You can also partition the logic of your code into different steps if that is more appropriate for you project. Below is an example that does that

First we see the Write Configs Script

# load in any libraries and modules we need
library(jsonlite)

# This is where we read in from BOA the command line argument.
# If in your script, you use any other command line arguments,
# generally BOA's trial_dir should be the last command line arugment,
# so taking the last one should generally be safe.
args <- commandArgs(trailingOnly=TRUE)
trial_dir <- args[length(args)]

# this this trial_dir folder there are 2 files supplied by BOA,
# a parameters.json that has just the parameters, and a trial.json
# that includes the parameters and a lot more in case you need it.
# Most people will only need the parameters.json
param_path <- file.path(trial_dir, "parameters.json")
data <- read_json(path=param_path)

# The parameter keys config from whatever you  named them in your
# config file, which you are free to change.
x0 <- data$x0
x1 <- data$x1
x2 <- data$x2
x3 <- data$x3
x4 <- data$x4
x5 <- data$x5

# We write out are data to another file for our run_model.R script
# in a real use case, this could be writing out the parameters
# to whatever config file your model needs whether it is
# json, a text file, yaml, toml, netcdf, or anything else.
# this just allows you to partition the conversion steps from
# BOA parameters.json to what your model will read
X <- c(x0, x1, x2, x3, x4, x5)
df <- data.frame(X)
write.csv(df, file.path(trial_dir, "data.csv"), row.names = FALSE)

Then the Run Model Script

library(jsonlite)
source("../r_utils/hartman6.R")

args <- commandArgs(trailingOnly=TRUE)
trial_dir <- args[length(args)]

# Here we read the data we wrote out from our write_configs.R script
df <- read.csv(file = file.path(trial_dir, "data.csv"))
X <- df[[1]]

# This is where we actually run our "model".
# Here we are using a synthetic function called hartman6
# But you could substitute it for your own model in
# a number of ways.
res <- hartman6(X)

# Here we write out the data to wherever we want to store it,
# in this case we use the trial_dir
out_data <- list(
    output=unbox(res)
)
json_data <- toJSON(out_data, pretty = TRUE)
write(json_data, file.path(trial_dir, "model_data.json"))

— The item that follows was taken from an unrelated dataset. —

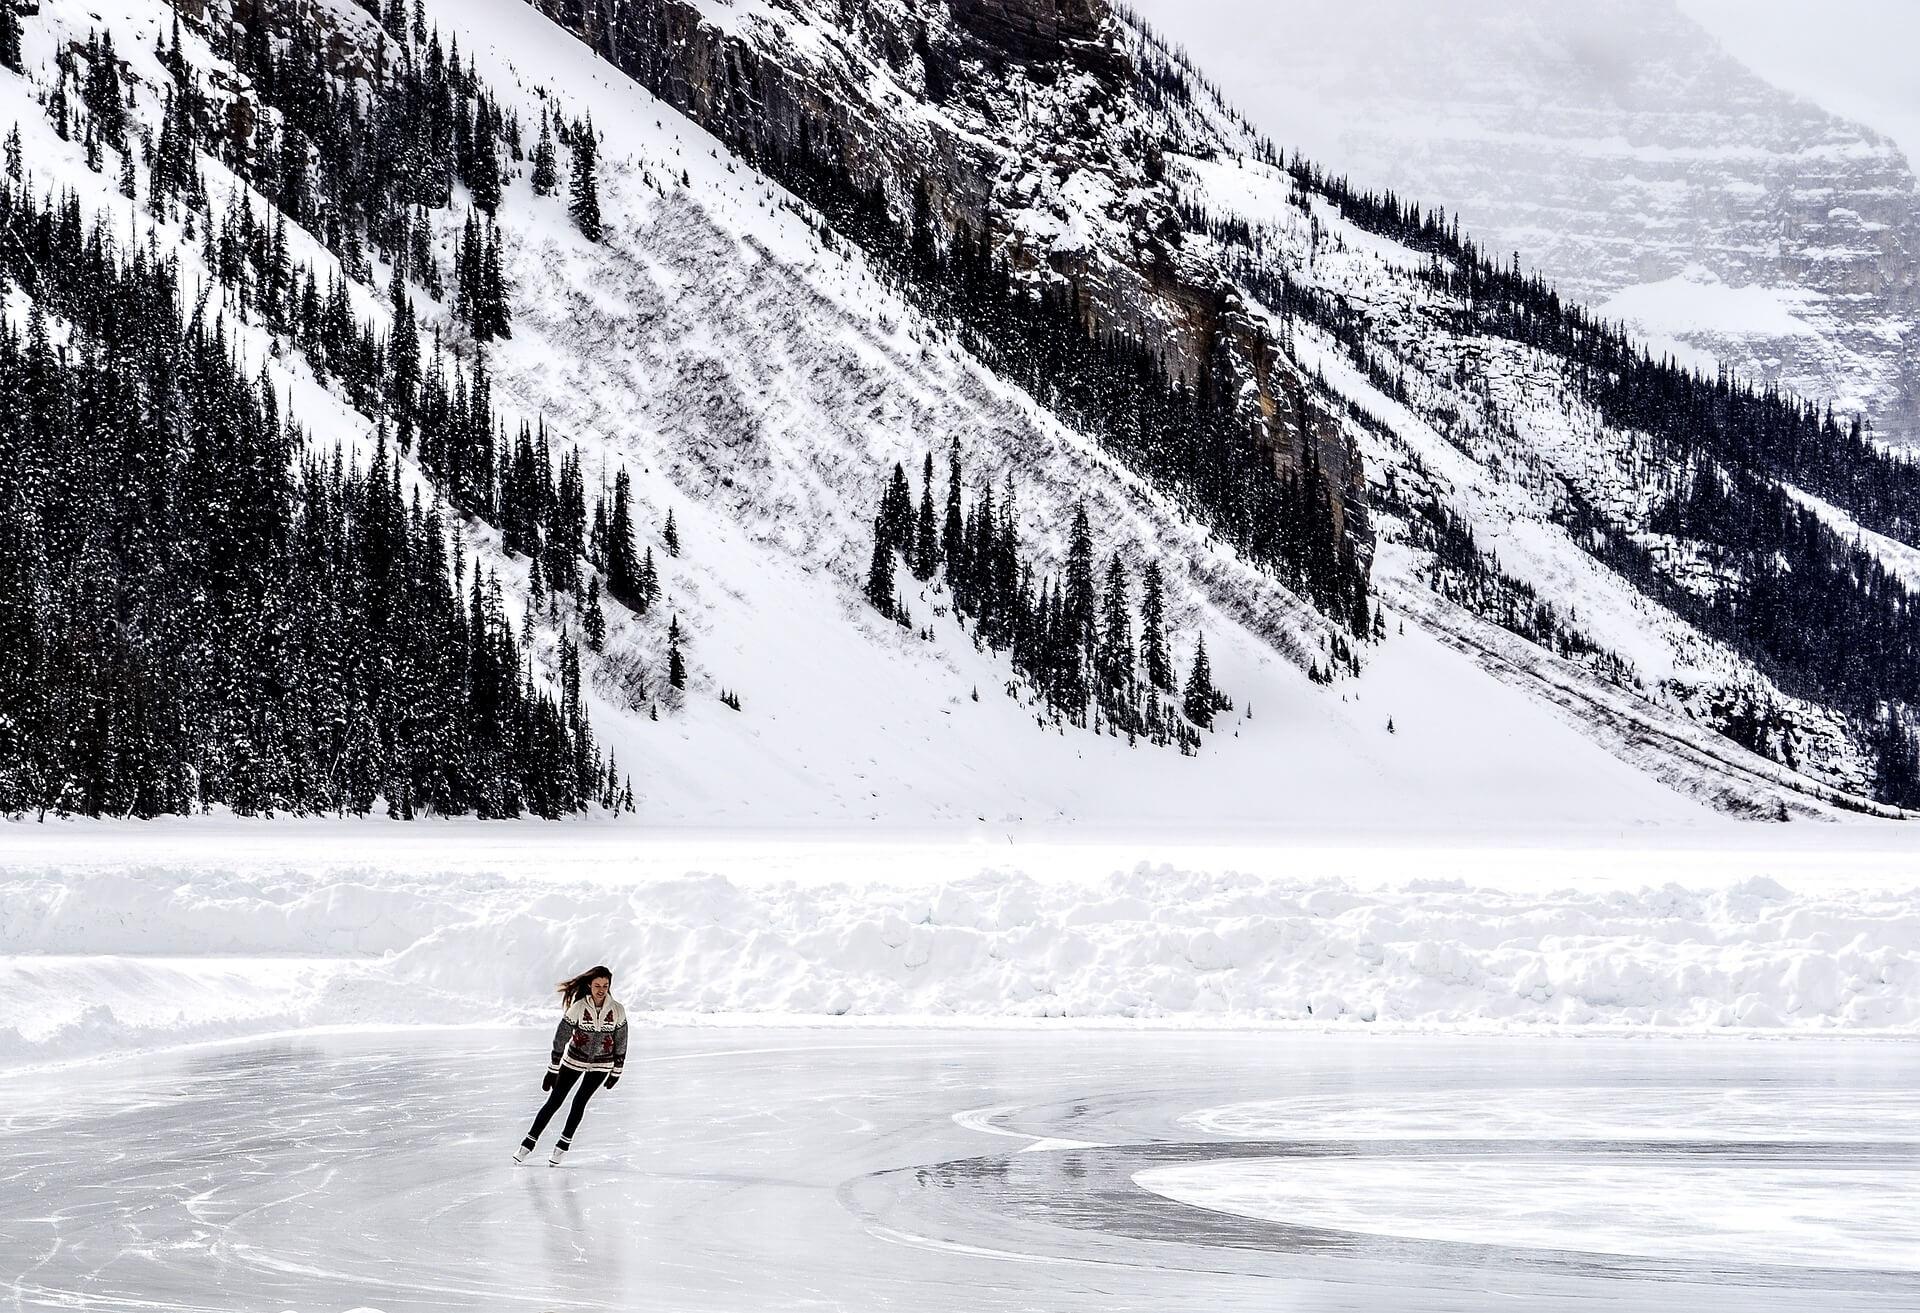 Schlittschuhlaufen Eislaufen Schlittschuhbahnen Eislaufbahnen

Then the Set Trial Status Script

library(jsonlite)

args <- commandArgs(trailingOnly=TRUE)
trial_dir <- args[length(args)]


# We read in the data we saved before.
# If it is just your own output data, you can probably put this step
# at the end of your Run Model Scipt. But if you don't know when
# your model finishes because it is running on an HPC,
# you could replace this with checks of the queue, or reading the log
# file for certain statuses, or other techniques.
data <- read_json(path=file.path(trial_dir, "model_data.json"))
is_passed <- (!is.na(data$output))

if (is_passed) {
    # If we passed, we write out the trial status as COMPLETE
    trial_status <- "COMPLETED"
    out_data <- list(
        trial_status=unbox(trial_status)
    )

} else {
    # If we failed, we write out the trial status as FAILED
    out_data <- list(
        trial_status=unbox("FAILED")
    )
}

# save to a trial_status.json file in the triad_dir
json_data <- toJSON(out_data, pretty = TRUE)
write(json_data, file.path(trial_dir, "trial_status.json"))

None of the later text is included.